How to correctly create ''slices'' of a column by using indexes of another one, in a DataFrame

Hi all, I have a question regarding how to correctly solve this:

I have a DataFrame that has the following columns:

df.i1 = [[1,2,3,4,5,1,2],[1,2,3,4,5,6,8,10,11],[1,2,3,4,5]]
df.i2 = [[4,2,1],[3,3,3],[1,2,2]]

And I need to generate three new columns, that have the values from df.i1 using the indexes from df.i2, so the result should be something like this: following df.i1, the first slice for the first item should go from 1 to 4, the following one from 4+1 to 4+2, and the last one from 4+2+1 to 4+2+1 (which is also the total length of the sequence, as df.i2 is generated by using the rle function in another column)

df.v1 = [[1,2,3,4],[1,2,3],[1]]

df.v2 = [[5,1],[4,5,6],[2,3]]

df.v3 = [[2],[8,10,11],[4,5]]

So far I tried using something like this:

for i in eachrow(df)

		mi = i.i[1]

		df_a.v1 = [x[1:mi] for x in i.zeros]
		
end

That can be extended to the other two cases, but I am getting the following error:

MethodError: no method matching getindex(::Int64, ::UnitRange{Int64})

Any help is welcome, I suppose that I am on the right track by looping over the rows of the df and trying to generate the slices that way, but I might be wrong.

Thanks!
Cheers.

I’m not sure I understand your description, and I’m on my phone so I can’t check if this works, but maybe

transform!(df, 
    (:i1,:i2) => ((i1, i2) -> [i1[1:i] for i in i2])  => :v3
)

Even if this isn’t quite the solution, maybe it will help you come up with an answer – transform!() is for adding new columns to a dataframe.
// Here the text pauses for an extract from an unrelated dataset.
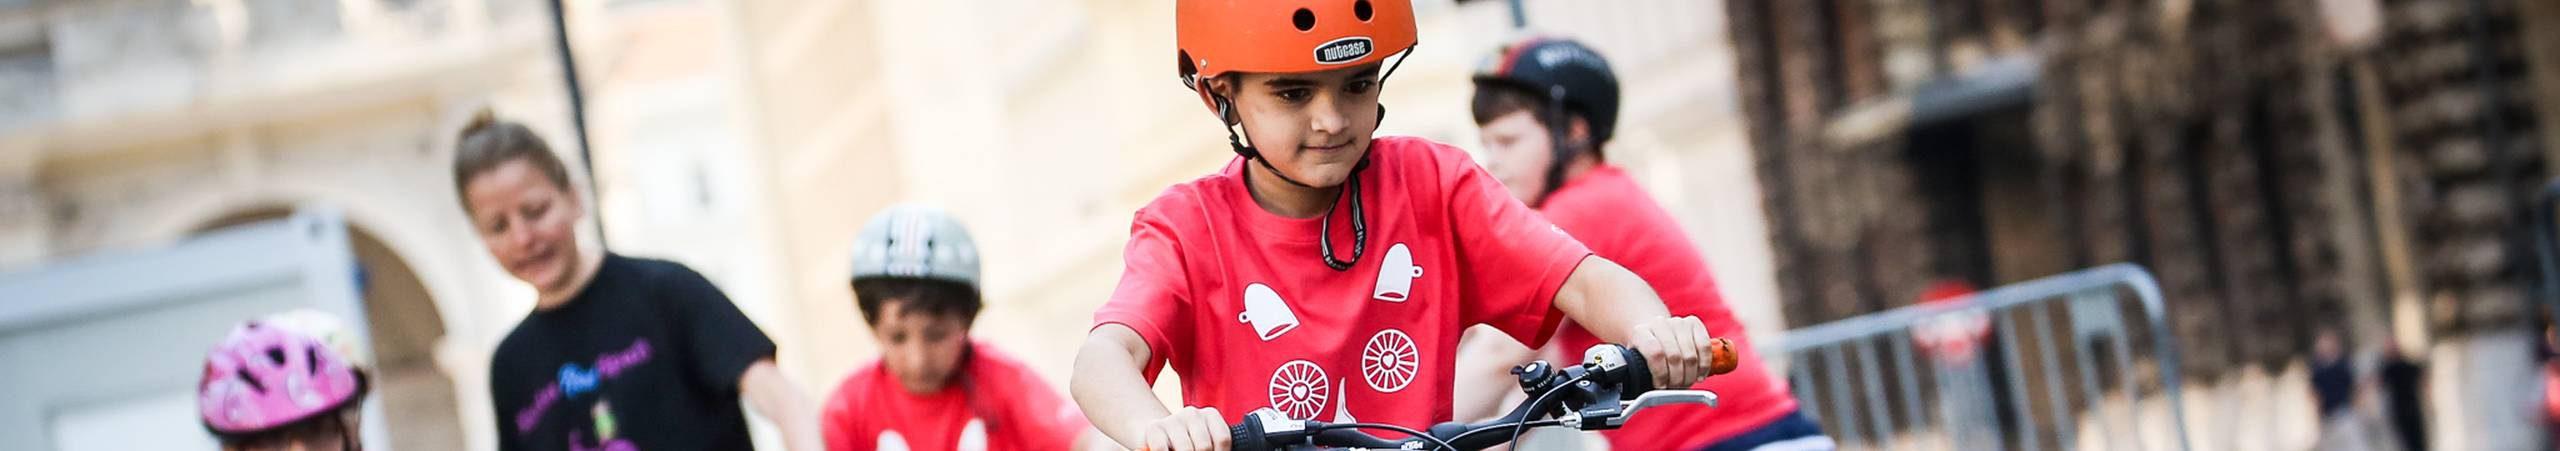 Kind bei einem KinderRadSpaß Kurs. Dabei lernen Kinder spielerisch das Radfahren bzw. das Verhalten im Straßenverkehr.
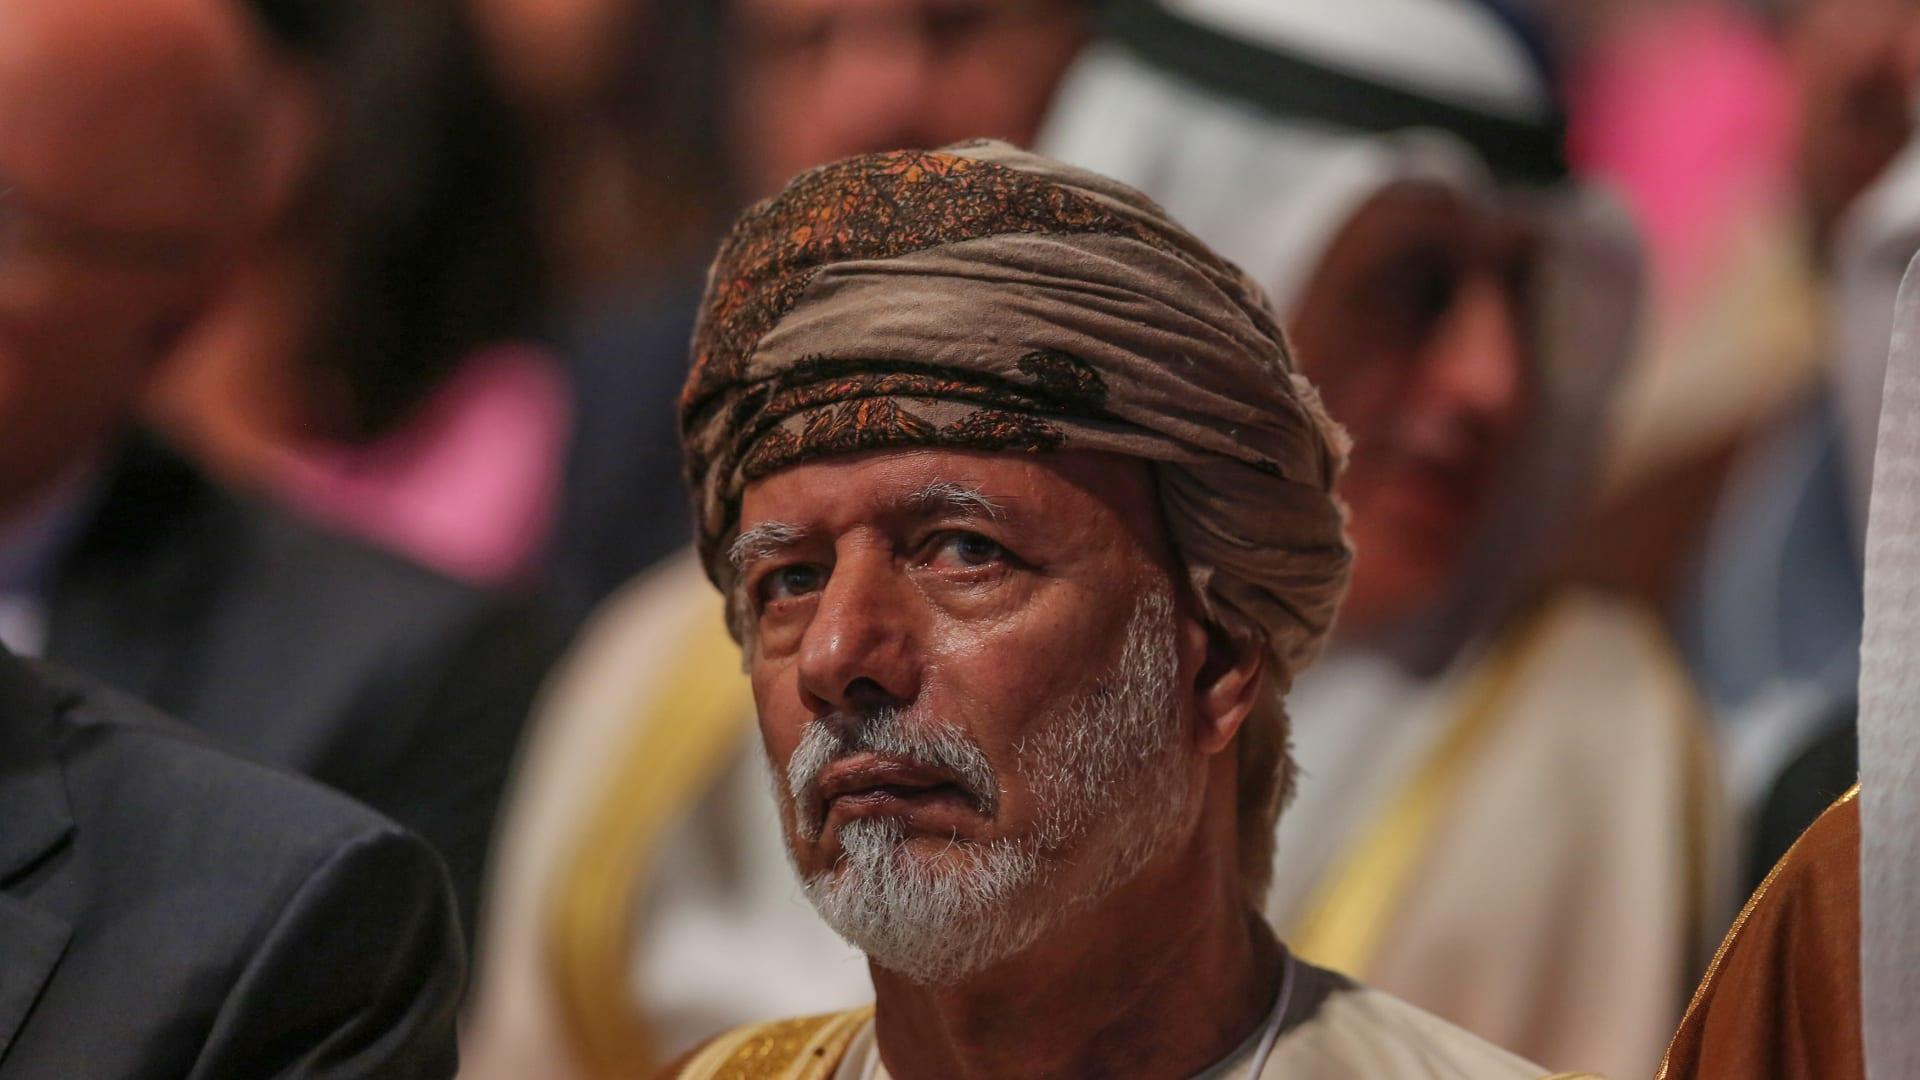 وزير خارجية عُمان السابق يوسف بن علوي

The second line does the following steps.

1. Selects input columns
2. Applies an anonymous function to each row of the input columns
3. Saves the output to the final vector name.

Note: You can’t use :v3 in subsequent transformations within the same transform!() call. You need to call it again on df if you want to use :v3 as an input in addition transformations.

Is this what you want?

julia> df
3×2 DataFrame
 Row │ i1                             i2
     │ Array…                         Array…
─────┼──────────────────────────────────────────
   1 │ [1, 2, 3, 4, 5, 1, 2]          [4, 2, 1]
   2 │ [1, 2, 3, 4, 5, 6, 8, 10, 11]  [3, 3, 3]
   3 │ [1, 2, 3, 4, 5]                [1, 2, 2]

julia> function cutv(x,idx)
           ends = cumsum(idx)
           starts = [1; ends[1:end-1] .+ 1]
           return [x[s:e] for (s,e) in zip(starts, ends)]
       end
cutv (generic function with 1 method)

julia> function trans(xs, idxs)
           newvs = [cutv(xs[i], idxs[i]) for i in eachindex(xs, idxs)]
           return [[v[i] for v in newvs] for i in eachindex(newvs...)]
       end
trans (generic function with 1 method)

julia> df.v1, df.v2, df.v3 = trans(df.i1, df.i2);

julia> df
3×5 DataFrame
 Row │ i1                             i2         v1            v2         v3
     │ Array…                         Array…     Array…        Array…     Array…
─────┼────────────────────────────────────────────────────────────────────────────────
   1 │ [1, 2, 3, 4, 5, 1, 2]          [4, 2, 1]  [1, 2, 3, 4]  [5, 1]     [2]
   2 │ [1, 2, 3, 4, 5, 6, 8, 10, 11]  [3, 3, 3]  [1, 2, 3]     [4, 5, 6]  [8, 10, 11]
   3 │ [1, 2, 3, 4, 5]                [1, 2, 2]  [1]           [2, 3]     [4, 5]

Yes!! Both functions worked perfectly, thanks. I will try to get my head around both functions, as I’m not really sure I understand the second one.

Thanks again!
Juan

You mean in my solution.
The process is:

1. in cutv we cut individual i1 vectors using the i2 information.
2. in trans we first create newvs that cuts all vectors in i1, next we rearrange vector of vectors the way you want.

Another version of cutv function which takes iterators instead of vectors.

Perhaps some other tinkerer can make it more compact/Julian/faster:

julia> cutitr(itr1,itr2) = last(
         foldl(
           (s,t)->(
             (r1, e1) = foldl( (x,y)->( 
               (e,r) = Iterators.peel(x[1]) ; 
               (r, push!(x[2],e))
             ), 1:t ; init=(s[1], Int[]) ) ; 
             (r1, push!(s[2], e1)) 
           ), itr2 ; init=(itr1,Vector{Int}[])
         )
       )
cutitr (generic function with 1 method)

julia> cutitr(i1,i2)
3-element Vector{Vector{Int64}}:
 [1, 2, 3, 4]
 [5, 1]
 [2]

julia> cutitr(i1,i2) == cutv(i1,i2)
true

(it takes about 1.4x slower than vector version on my machine)

Nice. I did not optimize my code for speed/allocations but for being easy to understand (but appreciate the “need for speed”).

Nice!! I can tell that this one es faster, only because the code took me a while to understand haha. If my data becomes bigger, I will switch to this version. Thanks!!
Best,